The result is catastrophic. Air pollution in Patna now routinely breaches WHO limits by factors of ten. Noise levels are those of a war zone with malfunctioning sirens. A ten-minute journey now takes an hour, torching productivity, fuel, and tempers in equal measure. Businesses are fleeing to Ranchi and Raipur because no client wants to spend half a day trapped in a car that moves slower than continental drift.
And the Bihar government’s response? A deafening silence punctuated by the occasional ribbon-cutting for yet another flyover that will be instantly swallowed by the same unregulated horde it was meant to tame.
Enough.
It is time to treat Bihar’s urban transport crisis as the governance failure it manifestly is.
First, impose an immediate moratorium on registration of all new slow-moving vehicles – battery rickshaws, e-loaders, petrol autos – in every municipal corporation and nagar parishad area until proper parking and charging infrastructure exists. No exceptions, no “temporary” permits, no ministerial phone calls. If you cannot park it and charge it legally, you cannot register it. Full stop.

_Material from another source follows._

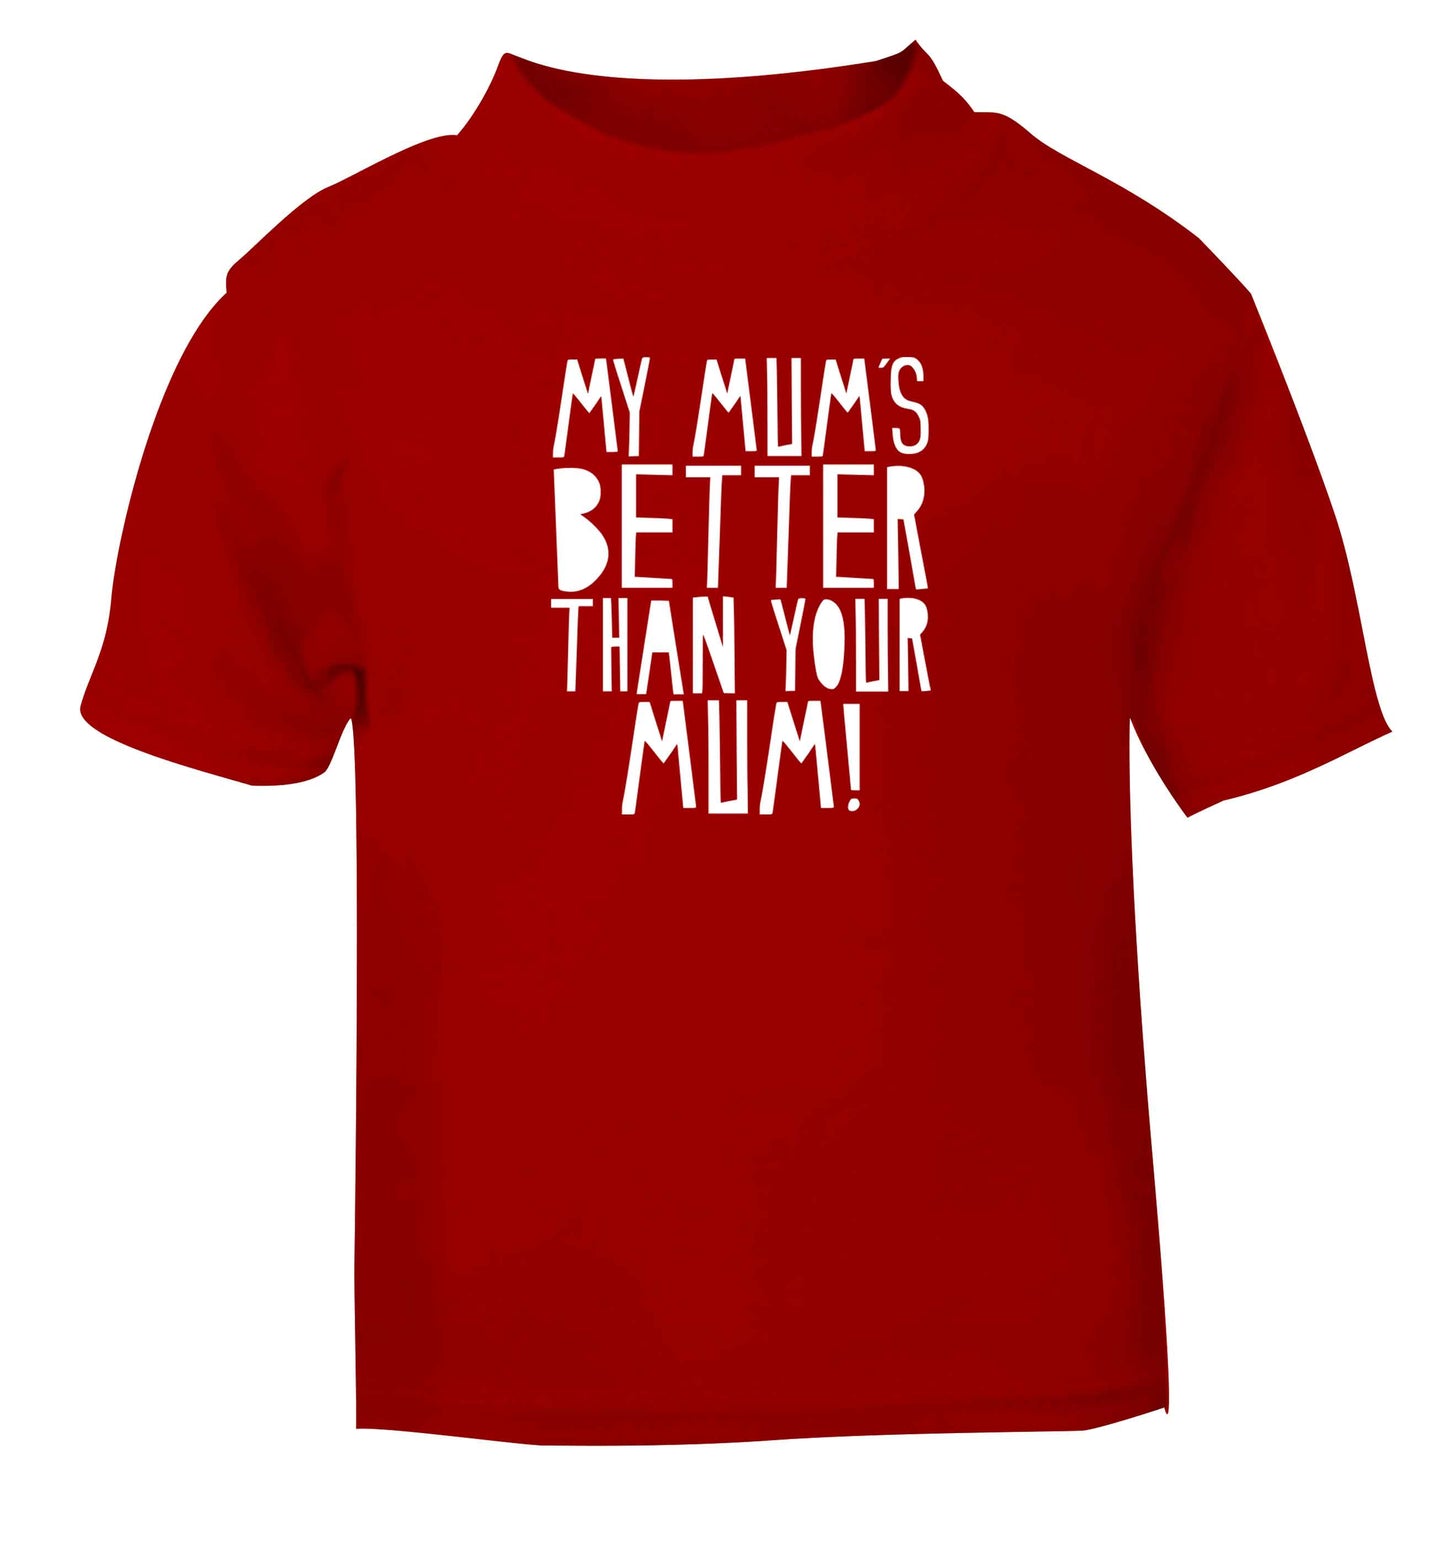 My mum's better than your mum red baby toddler Tshirt 2 Years

Second, create exclusive, fenced, paid parking and charging hubs on the city periphery and enforce tow-away zones in core urban areas. Any vehicle found parked on a public road without authorization should be impounded on first offence and crushed on the third. The message must be brutal because the indulgence has already been lethal.
Third, launch a publicly owned, air-conditioned, GPS-tracked fleet of high-capacity electric buses – 1,000 in Patna, 300 in Gaya, Bhagalpur and Muzaffarpur each – within the next 24 months. Fund it by slapping a ₹500 annual congestion cess on every private car and ₹2,000 on every e-rickshaw registered in urban limits. The polluter must pay.
Fourth, ban all internal-combustion and battery rickshaws from arterial roads between 7 am and 10 pm. They can ply in interior colonies where they belong, not choke the city’s lifelines.
These measures will be called anti-poor by the usual rent-seeking lobbies who have turned public roads into private fiefdoms. Let them wail. The truly poor are the millions who inhale poison every day, who lose wages sitting in traffic, whose children develop asthma because a failed state let a few thousand operators hold an entire population to ransom.
Bihar’s cities are on the verge of becoming unliveable. The government still has time to choose between decisive action and permanent infamy. History will not judge it kindly if it continues to mistake cowardice for compassion.
The horns are blaring. The clock is ticking. Act, or get out of the way.